Deep-fried turkey became a Thanksgiving sensation, at least in the Deep South, during the late 1980's. A tradition that began in Louisiana's Cajun country, fried turkey gradually became an alternative in many parts of the country to roast turkey at Thanksgiving and often, the turkey that graced the Christmas table. Since this blogger has never fried a turkey, I cannot begin to describe the process. I have seen it done, so I do know that frying a turkey is best accomplished outside the house in a special "turkey fryer" that holds several gallons of cooking oil. But back to the story. My oldest daughter had just moved out on her own and wanted to have our family's Christmas in her new place of abode. After years of preparing holiday meals for my own large family, I was more than ready for someone else to assume some of the responsibility. So I eagerly agreed that we would accept her invitation. But things didn't go the way I expected - by Christmas Eve, she had "assigned" the usual holiday dishes to her mother. And she "volunteered" to cook the turkey. This turn of events should not have surprised me. When she was a teenager, I often referred to her as "The Microwave Princess," since her only interest in the kitchen seemed to be heating something in the microwave.

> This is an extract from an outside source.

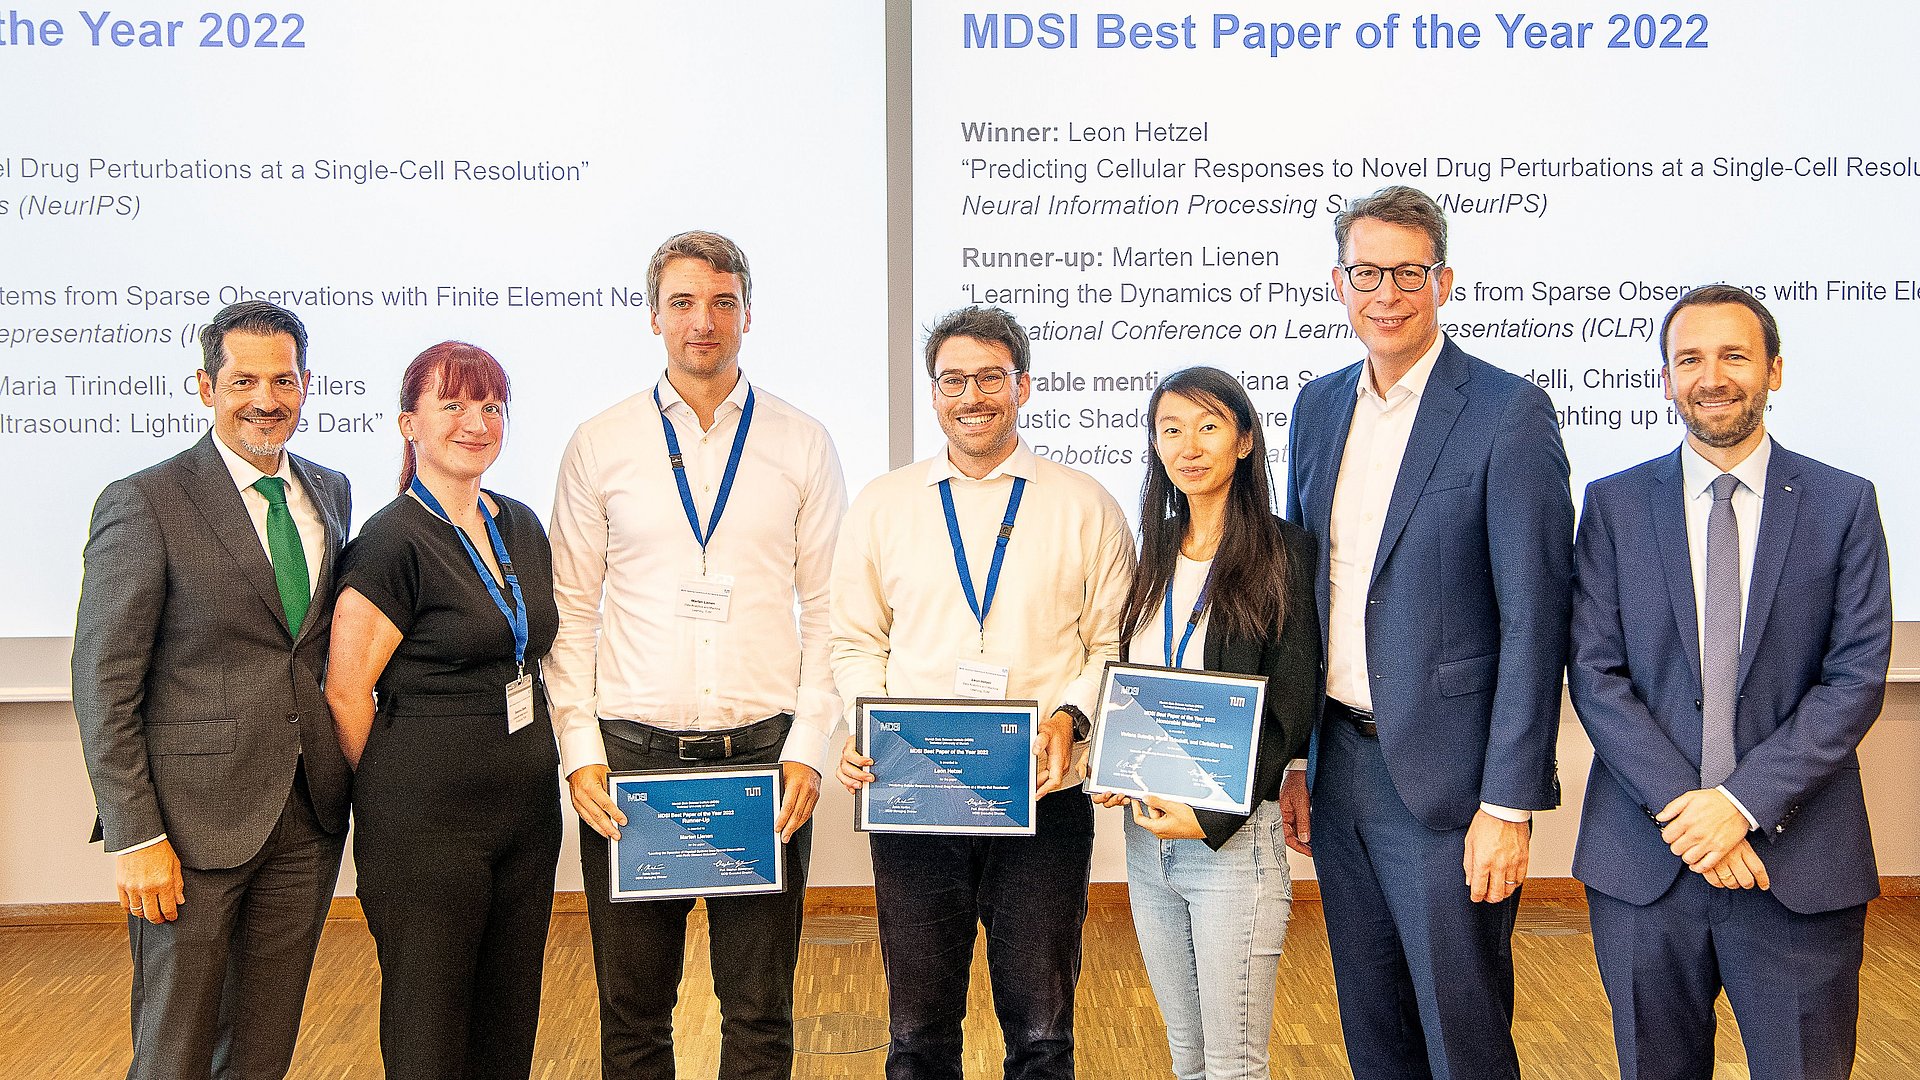 Verleihung des MDSI Best Paper Awards

Christmas Day arrived, and we opened gifts and had our usual Christmas breakfast. After breakfast, I set about getting my "assigned" dishes prepared and ready to transport to my daughter's house about two miles away. (No, she didn't move very far from home!) With all of the turkey's trimmings in the car, we arrived at her house at the appointed time. But what we saw as we were turning the corner was a total shock - a fire truck and an EMT vehicle were parked in the driveway and smoke was billowing out of two open windows! As I felt a sinking feeling deep in my stomach, I heard my daughter calling out to me, with a big smile on her face, saying, "Don't worry, it's just the turkey."

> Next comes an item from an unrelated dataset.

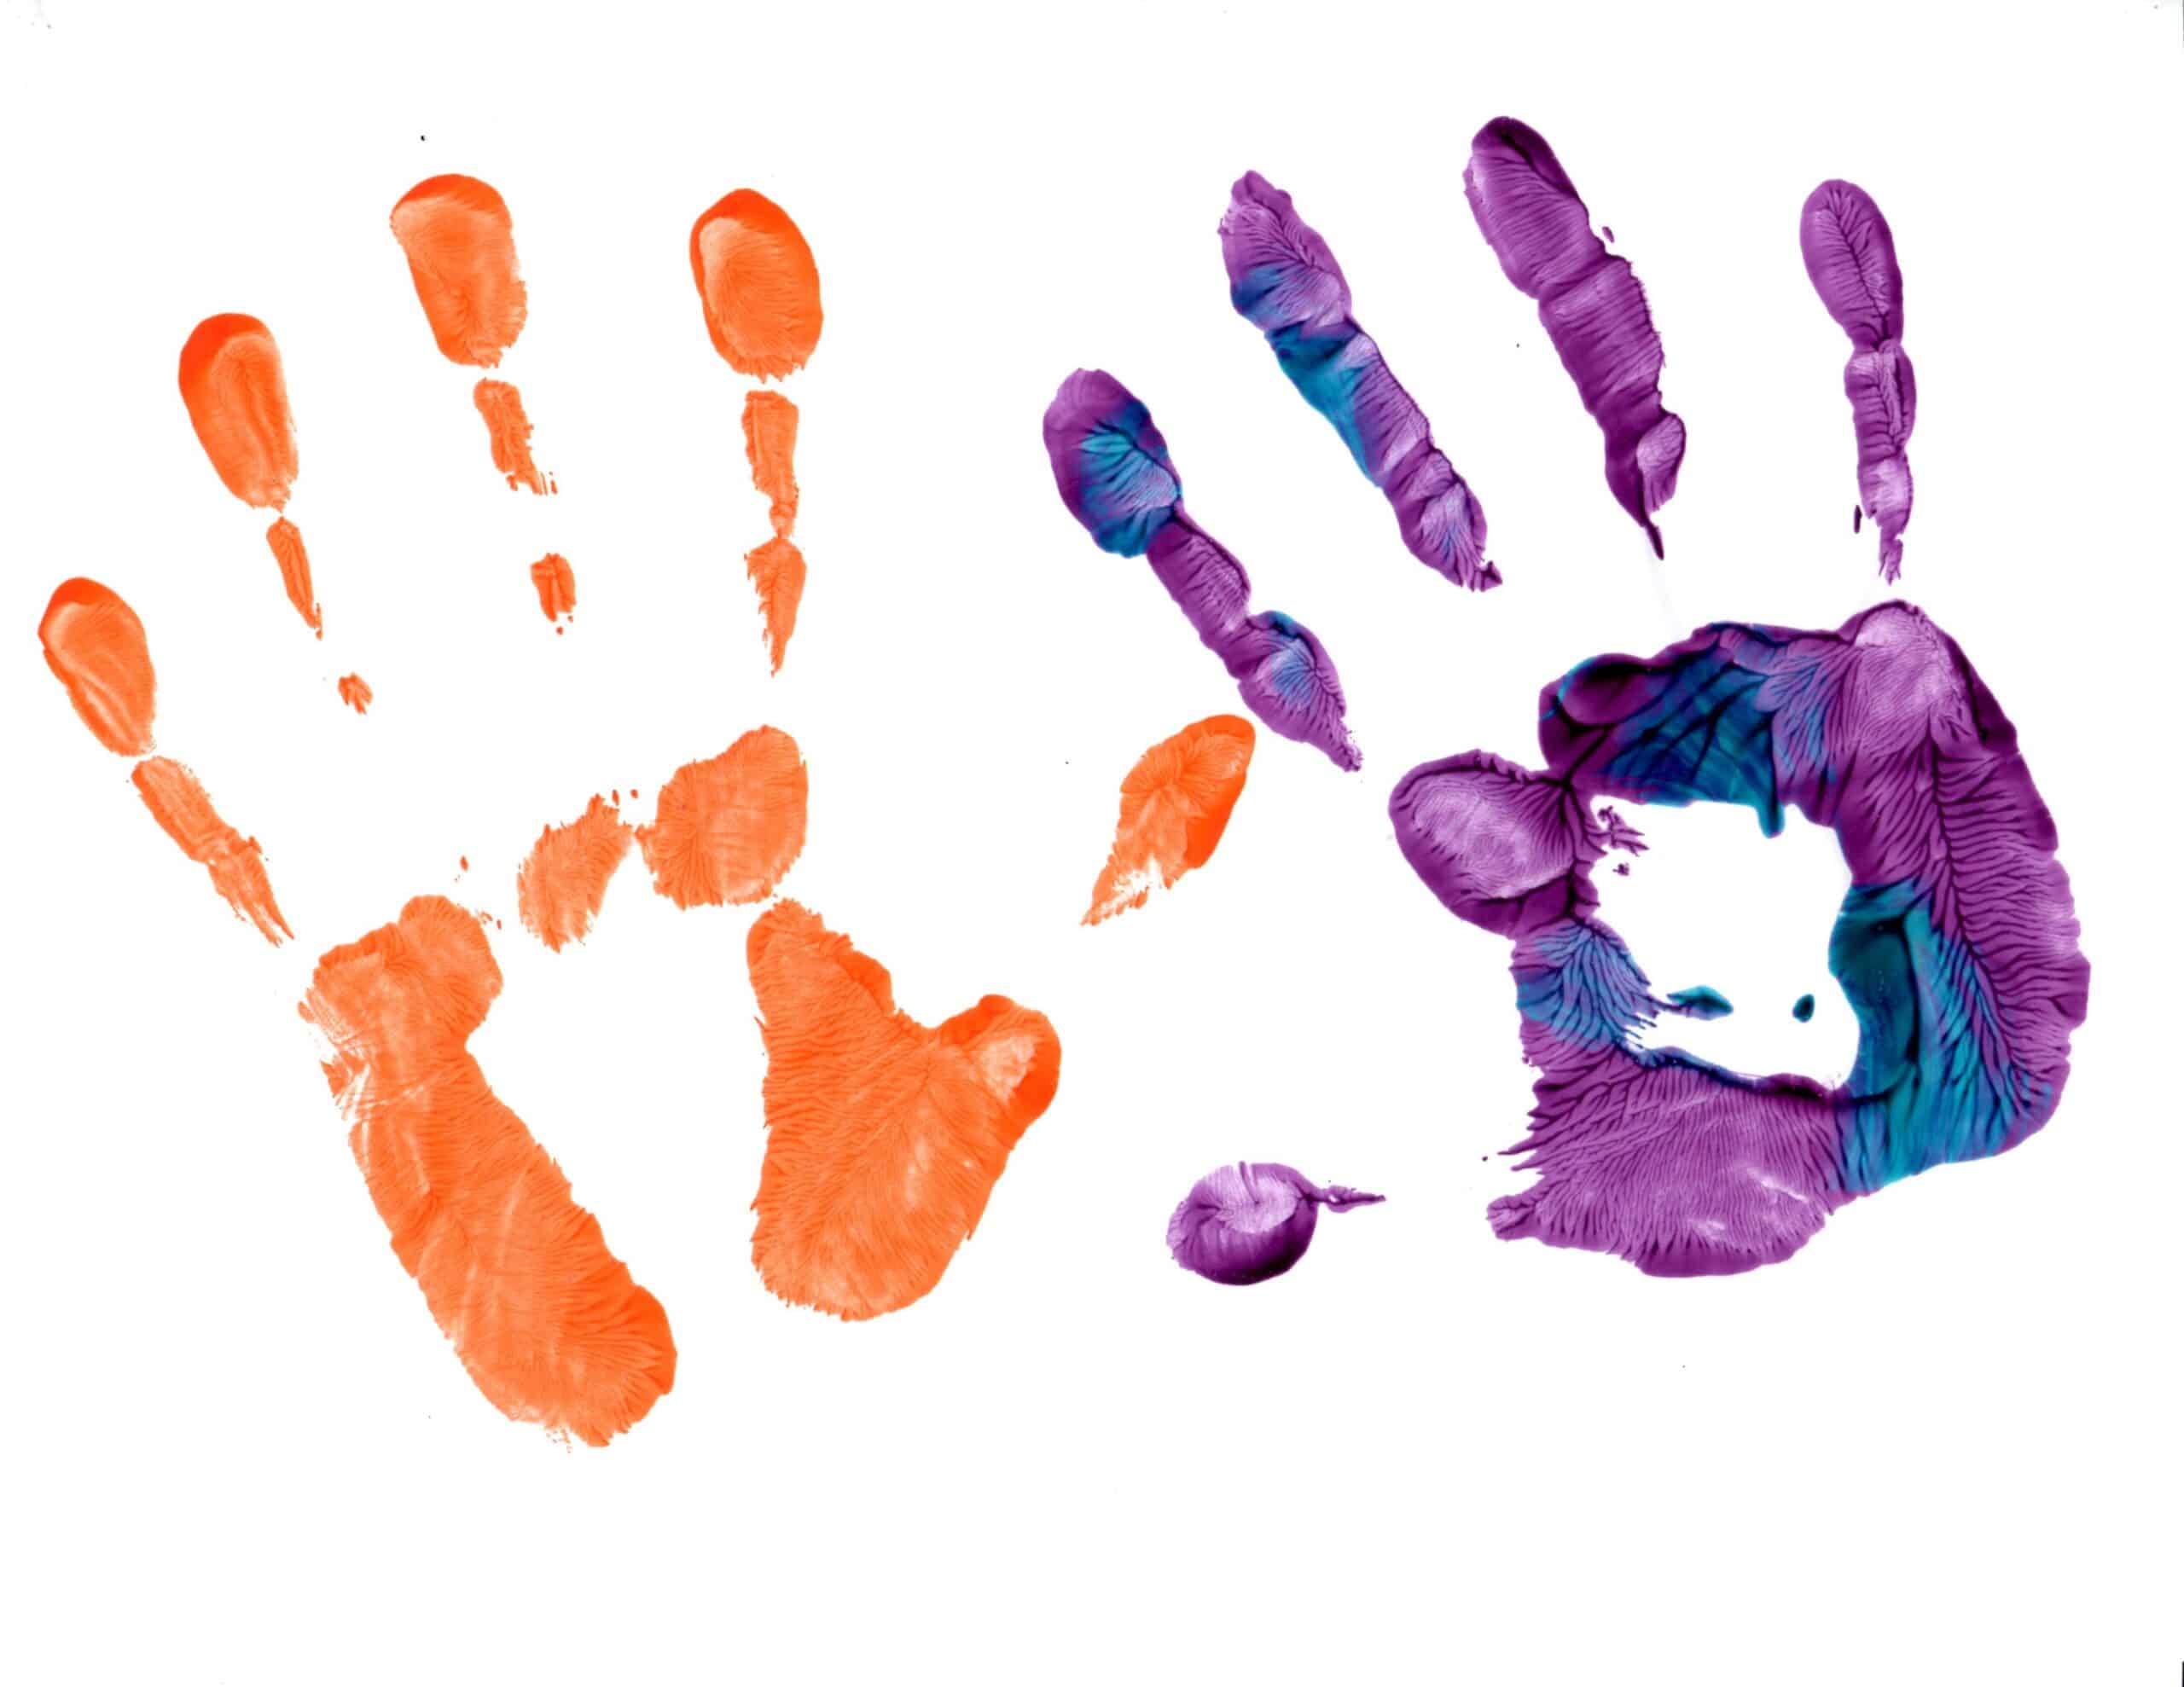 Creative Play handprints

You must be wondering what caused all of this drama, so here's the rest of the story. Without telling me what she planned to do, my daughter had decided to fry a turkey breast, not roast the entire turkey. But she had forgotten to thaw the turkey breast. Not realizing what would happen to that frozen chunk of turkey, she had attempted to fry the turkey breast in a large pot of hot oil - not outside, but on the top of her almost new kitchen stove. Well, I don't think I need to go on - you can get the picture - one that involves fire, smoke, and lots and lots of grease! Fortunately, no one was burned or otherwise injured, except the turkey.
Years later, the "turkey fire" is a classic "remember when" Christmas story at our house. But it's one that I hope isn't repeated any time soon.